Grimes felt out of it, but somebody had to mind the shop, he supposed. But the likelihood of any customers was remote.
Then he stiffened in his chair. One of the spacesuited figures was falling away from the vessel, drifting out and away, a tiny, glittering satellite reflecting the harsh glare of the working floods, a little, luminous butterfly pinned to the black velvet of the Ultimate Night. Who was it? He didn't know for certain, but thought that it was Jane. The ship's interplanetary drives—reaction and inertial— were on remote control, but reaction drive was out; before employing it he would have to swing to the desired heading by use of the directional gyroscopes. But the inertial drive was versatile.
He spoke into the microphone of the transceiver. "Secure yourselves. I am proceeding to rescue."
At once Craven's voice snapped back, "Hold it, Grimes. Hold it! There's no danger."
"But, sir . . . "
"Hold it!"
Grimes could see the distant figure now from a viewport, but it did not seem to be receding any longer. Hastily he checked with the radar. Range and bearing were not changing. Then, with relative bearing unaltered, the range was closing. He heard Jane call out, "Got it! I'm on the way back!"
Craven replied, "Make it snappy—otherwise young Grimes'll be chasing you all over the Universe!"
Grimes could see, now, the luminous flicker of a suit reaction unit from the lonely figure.
Later, he and the others examined the photographs that Jane had taken.
Epsilon Sextans
looked as she was supposed to look—like a badly battle-scarred frigate of the Waldegren Navy.
IN TERMS OF SPACE and of time there was not much longer to go.
The two ships—one knowing and one unknowing—raced toward their rendezvous. Had they been plunging through the normal continuum there would have been, toward the finish, hardly the thickness of a coat of paint between them, the adjustment of a microsecond in temporal precession rates would have brought inevitable collision. Craven knew this from the results of his own observations and from the encoded position reports, sent at six hourly intervals, by
Adler.
Worried, he allowed himself to fall astern, a mere half kilometer. It would be enough—and, too, it would mean that the frigate would mask him from the fire of planet-based batteries.

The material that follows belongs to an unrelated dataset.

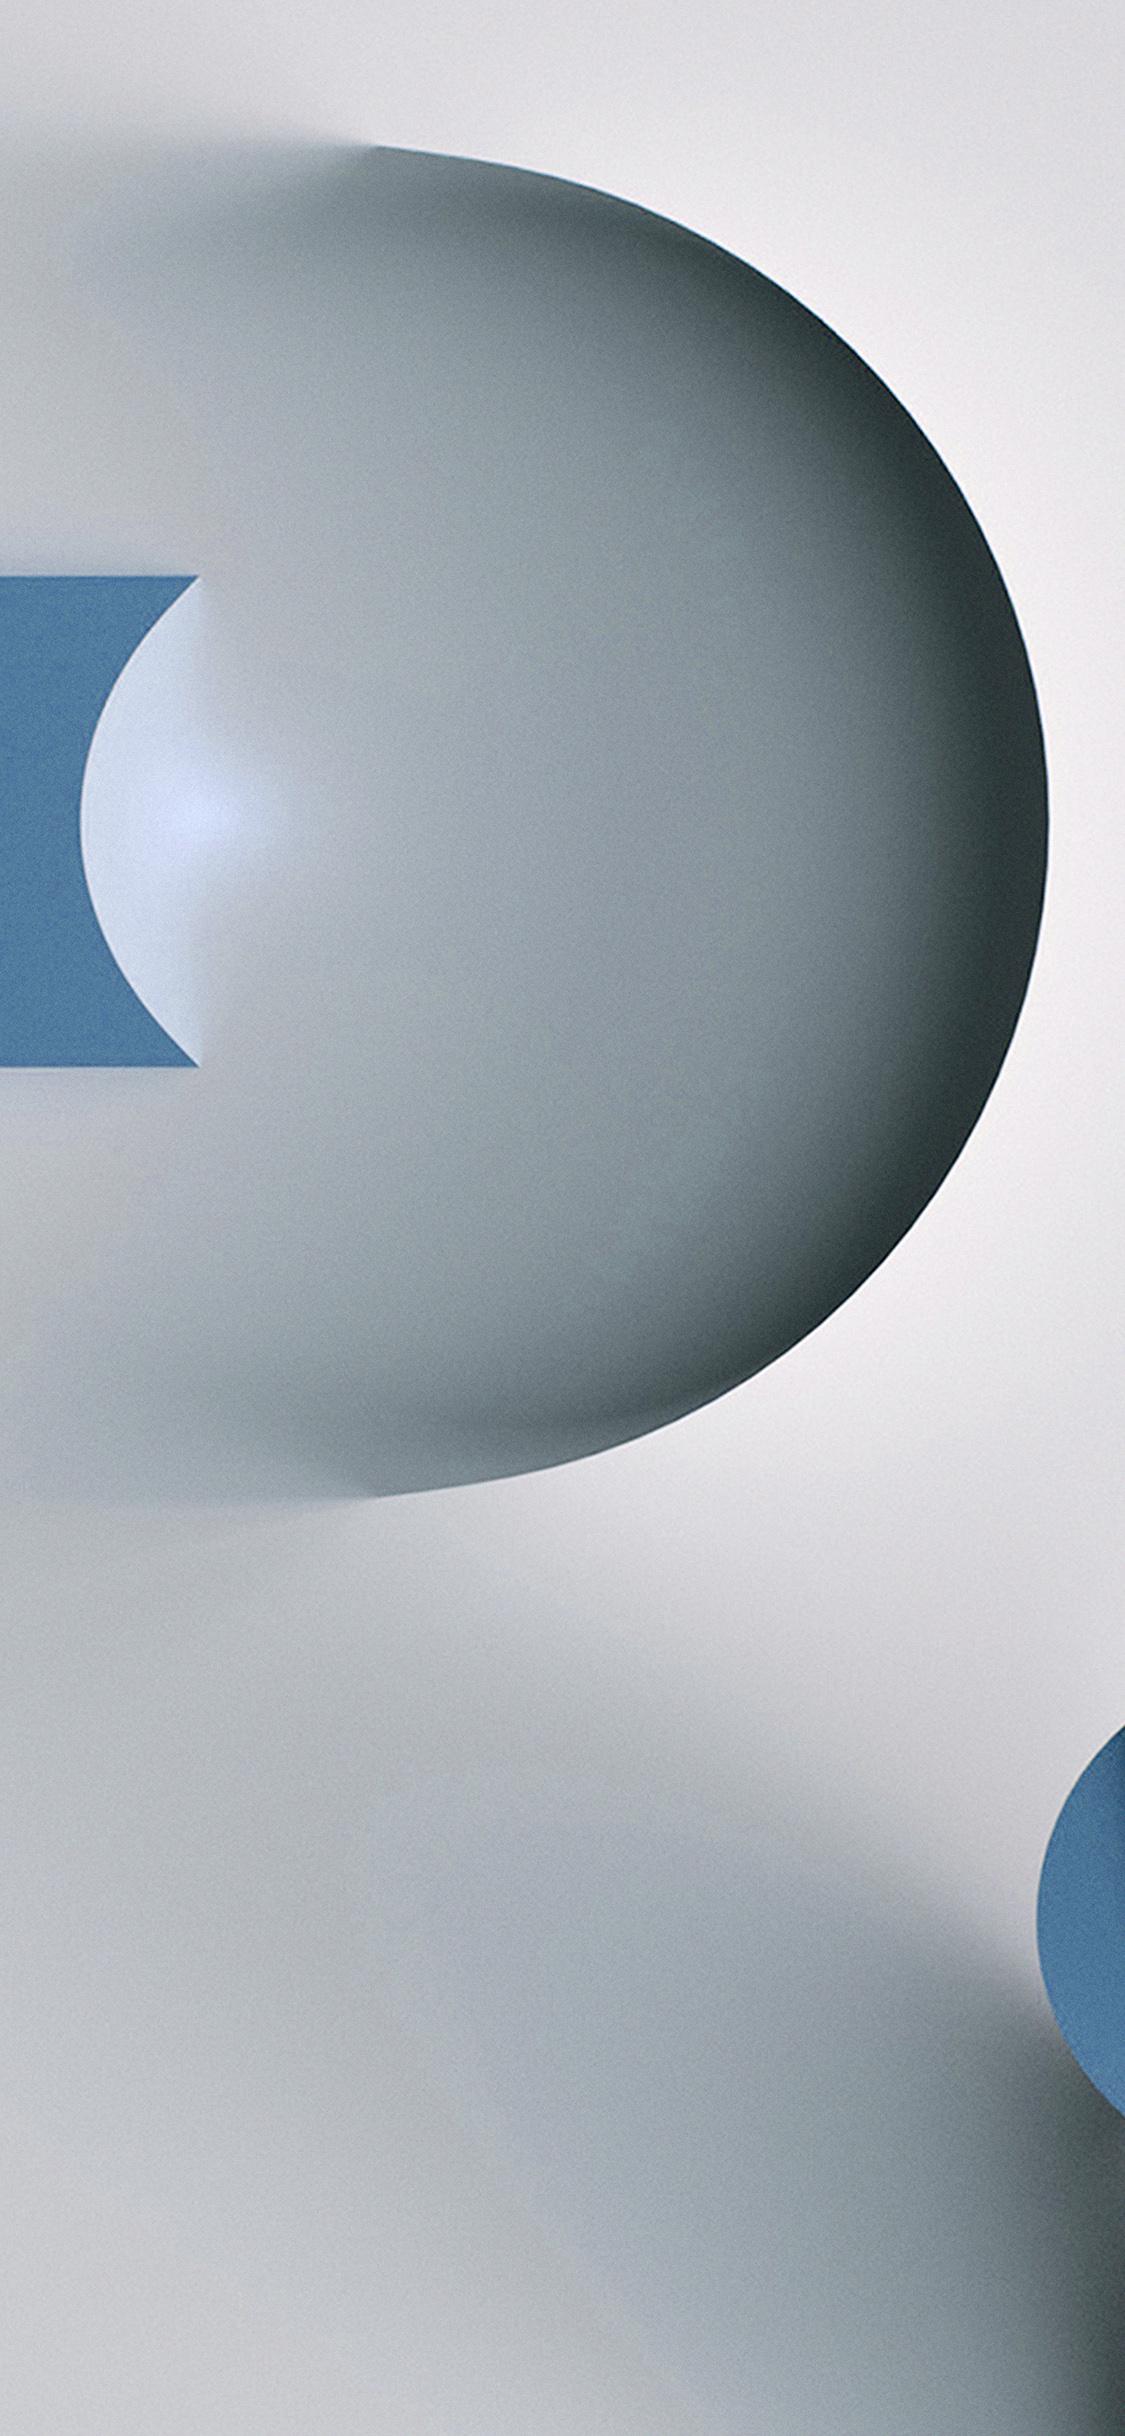 iPhonexpapers.com-Apple-iPhone-wallpaper-ba66-circle-line-simple-illustration-art-blue
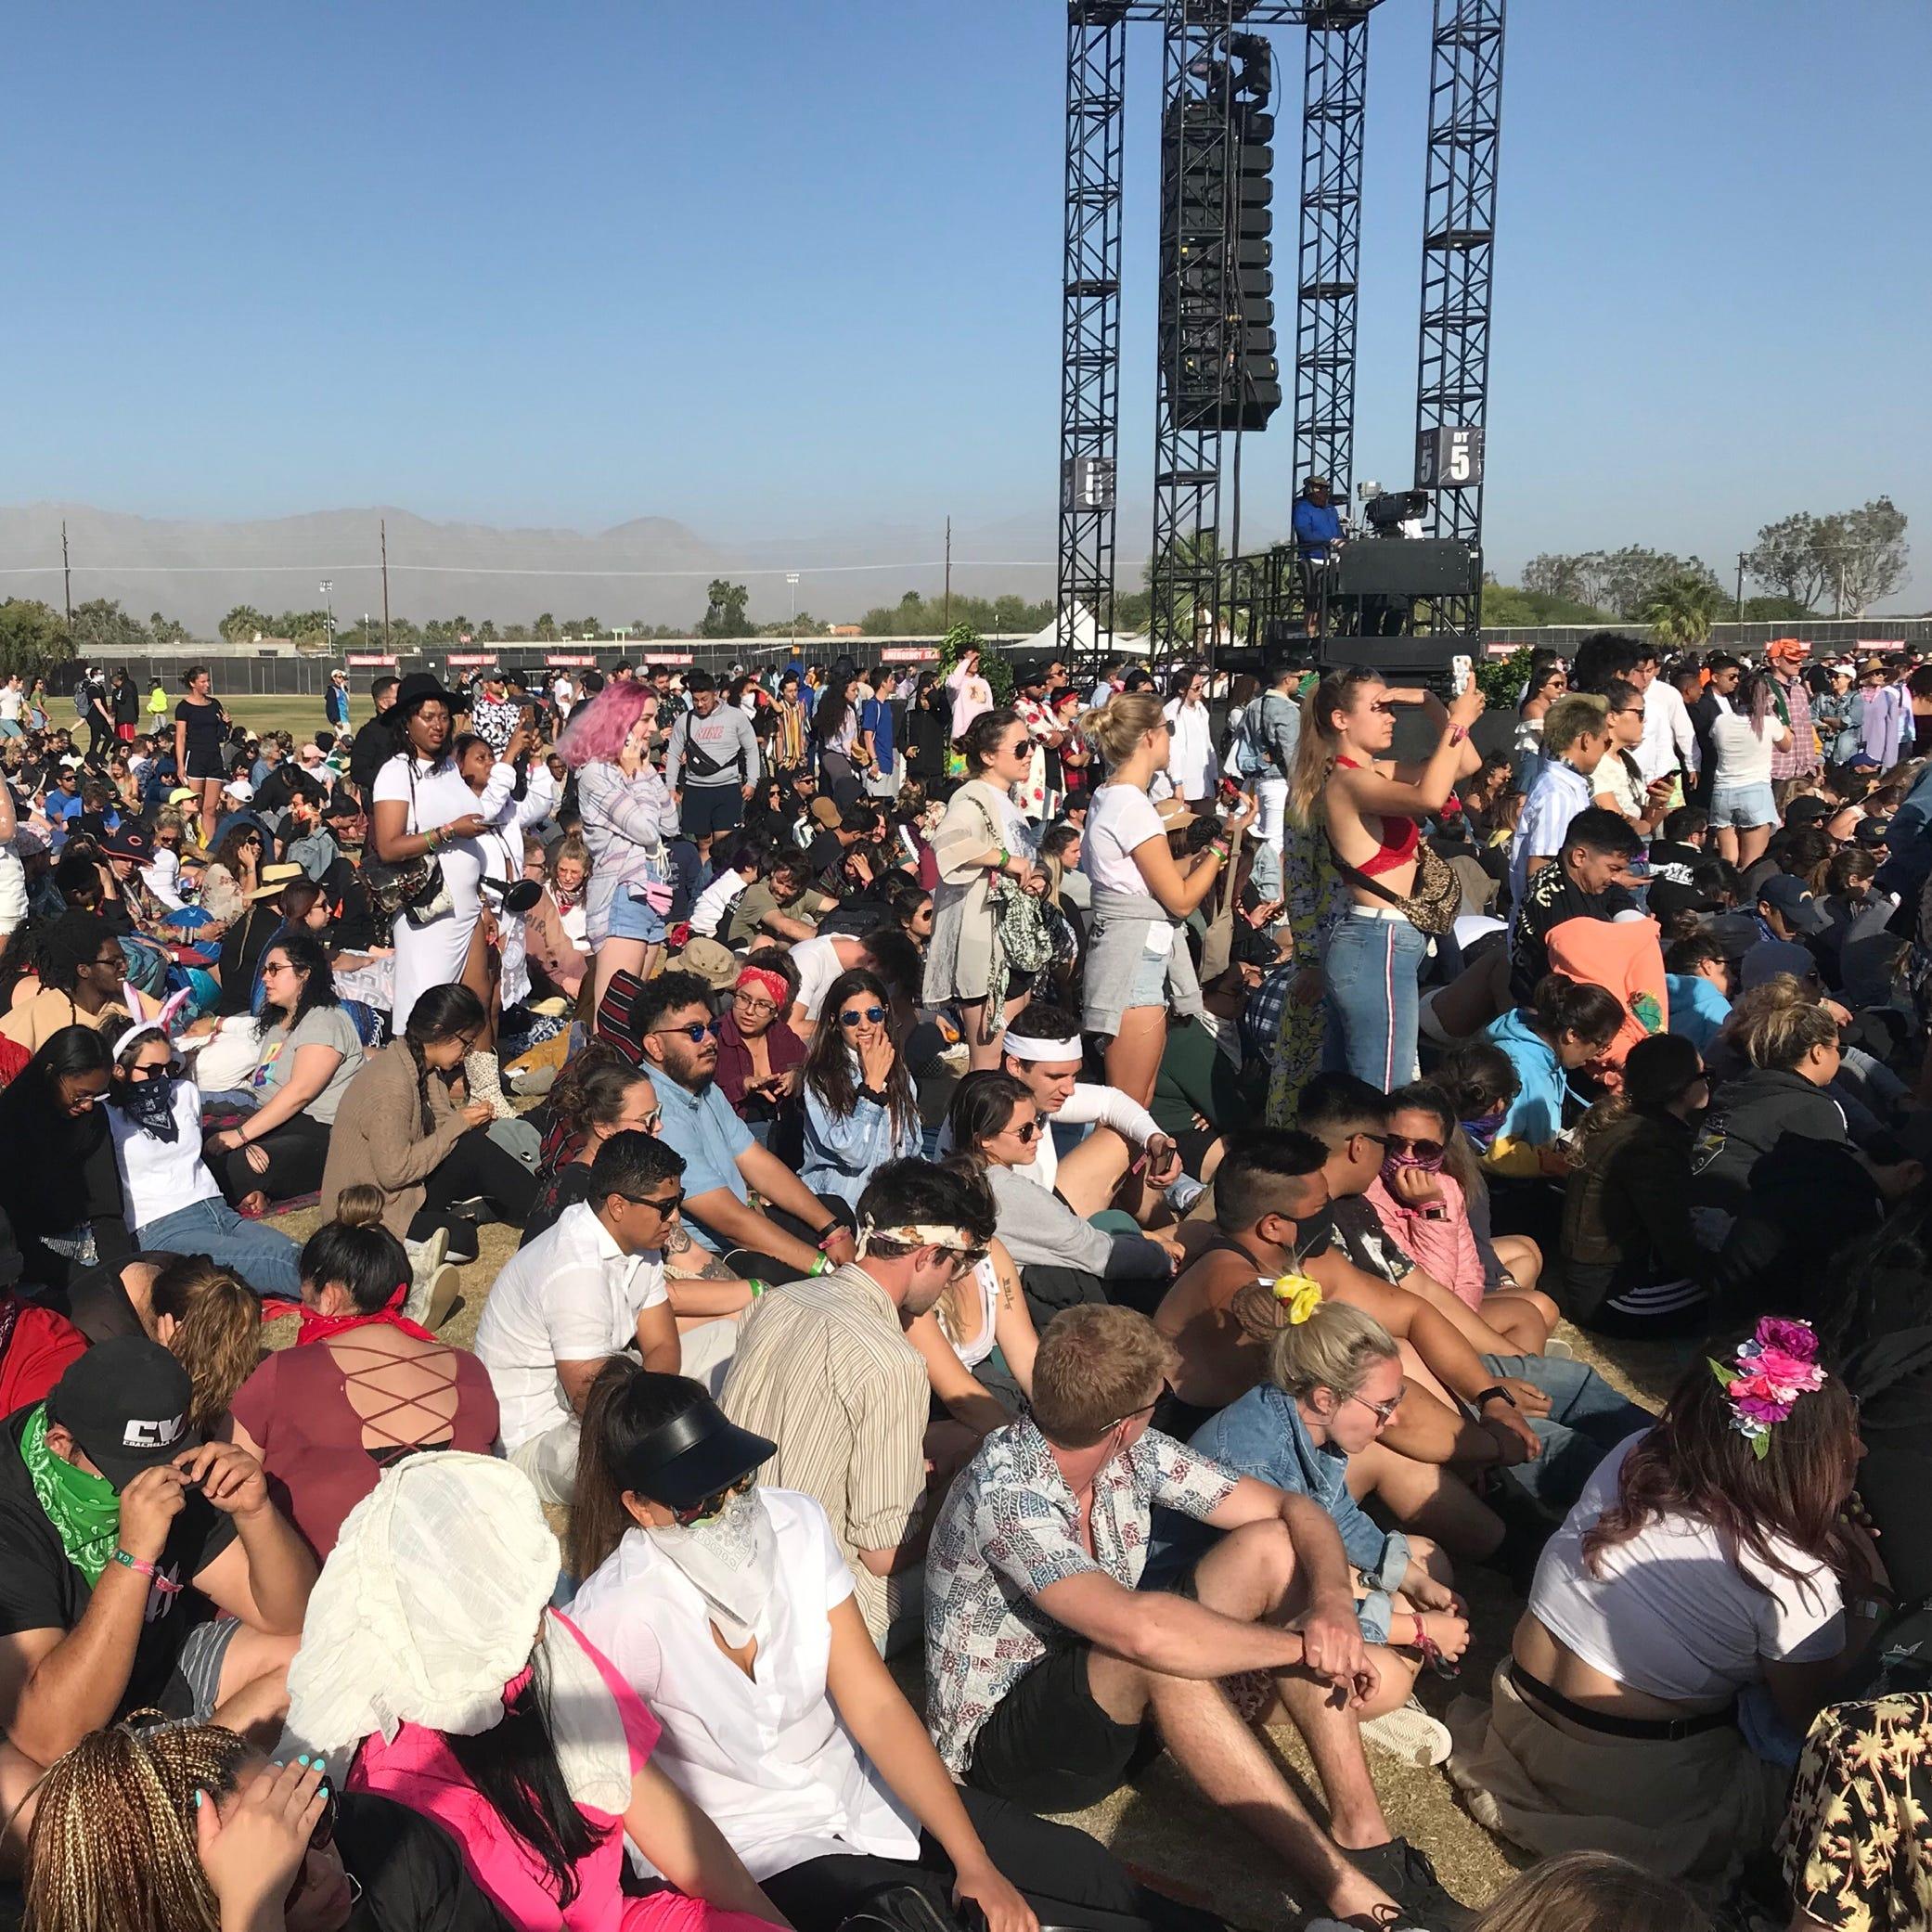 'Jesus Walks' at Coachella in Kanye West's historic Sunday Service

Summers maintained his listening watch. Apart from the position reports he had little of interest to tell the Captain.
Adler,
once or twice, had tried to get in contact with the Main Base on Waldegren—but, other than from a curt directive to proceed as ordered there were no signals from the planet to the ship. Dartura Base was more talkative. That was understandable. There was no colony on the planet and the Base personnel must be bored, must be pining for the sight of fresh faces, the sound of fresh voices. They would have their excitement soon enough, promised Craven grimly.
Through the warped continuum fell the two ships, and ahead the pulsating spiral that was the Dartura sun loomed ever brighter, ever larger. There were light years yet to go, but the Drive-induced distortions made it seem that tentacles of incandescent gas were already reaching out to clutch them, to drag them into the atomic furnace at the heart of the star.